Но, повторюсь, распространяться об этом он не любил. Больше что-нибудь смешное рассказывал. Например, как один рядовой шел в атаку со страшным матом, а потом, когда его спросили, ЧТО он кричал, он говорит: «Ну, что, что? Ясное дело - за Родину, за Сталина!»

Притом, что «диссидентом» в общепринятом понимании он никогда не был?

- Понимаете, он верил в то, что систему изуродовали неправильные, нехорошие люди, и усатый в том числе. Что если собрать в одном месте тысячу интеллигентных людей – на каком-нибудь там острове, к примеру, собрать, – то они и построят коммунизм. Ха-ха, коммунизм. Вот отец Юнга не читал, а между тем у Юнга есть точно такое же предположение, но со знаком минус: если собрать на острове тысячу интеллигентов, говорит Юнг, то вместе они будут обладать интеллигентностью крокодила. Отец бы в такое никогда не поверил бы: в каком-то смысле он был очень советский человек. Сын красного командира, что вы хотите. Тоже идеалиста – хотя дед был философом, закончил в Тарту университет: по-видимому, и он разделял идеалы революции… Вообще коммунисты сами себя сгубили: воспитав такое количество идеалистов, вырыли себе могилу, идеалисты и опрокинули этот строй… Так я думаю.

 

Прописка для тещи

Когда родители развелись, вы остались с отцом?

- Ну да. Журналисты любят эту тему – развода.

Но это ведь тоже интересно, разве нет?

- С какой стороны посмотреть и как изложить. Некая девица из какого-то глянца прислала мне нечто, якобы написанное с моих слов, под названием «Треугольник». Какой такой «треугольник», спрашиваю? А, говорит, между Фатеевой, Басовым и Титовой – то есть моей мамой. Нет, говорю, я не даю разрешения эту ерунду публиковать. Не было никакого треугольника! И квадрата – тоже!

В самом деле не было?

- Вот и вы туда же. В самом деле не было. Моя мама, актриса Валентина Титова, ушла к Георгию Ивановичу Рербергу. Знаменитому, как вы знаете, оператору… Но никто ни у кого под окном, тем более «задрав голову», не стоял.

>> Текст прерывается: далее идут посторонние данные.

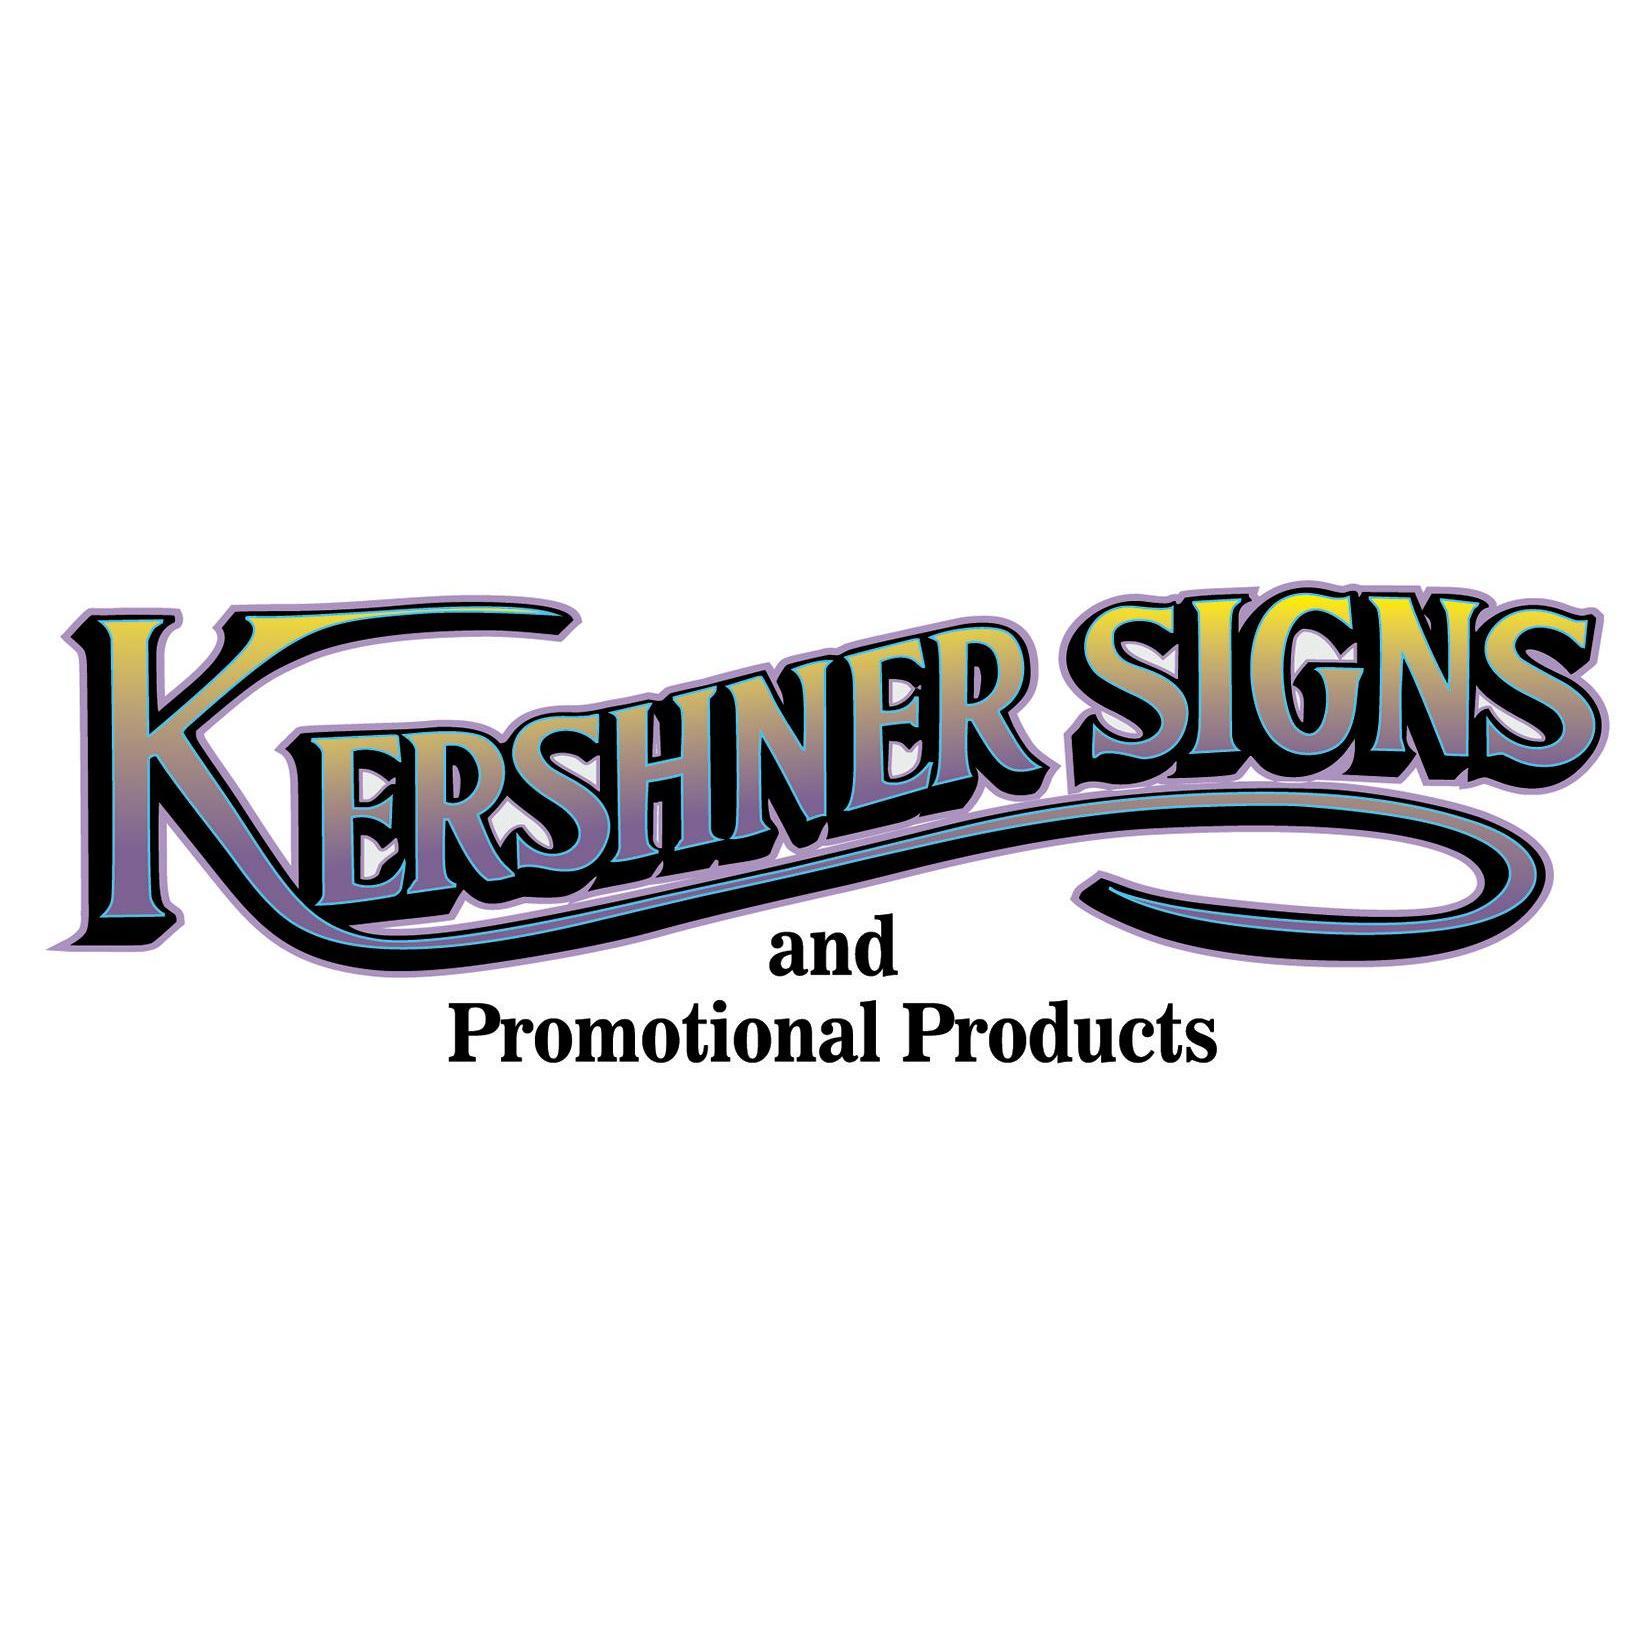 Kershner Signs

Какую голову, под каким окном?

- Ну, та девица так написала: что якобы Басов всю жизнь любил Титову, и когда она ушла, стоял под каким-то там окном, задрав голову. На самом деле Рерберг жил на первом этаже, и голову задрать было бы затруднительно… Ну, если ты не карлик… А отец карликом, как известно, не был, скорее наоборот. На самом деле, конечно, если серьезно, то развод для нас с сестрой был довольно мучительным. Если бы они сразу развелись, а это тянулось годами. Что не способствовало, как вы понимаете, благоприятной атмосфере в семье.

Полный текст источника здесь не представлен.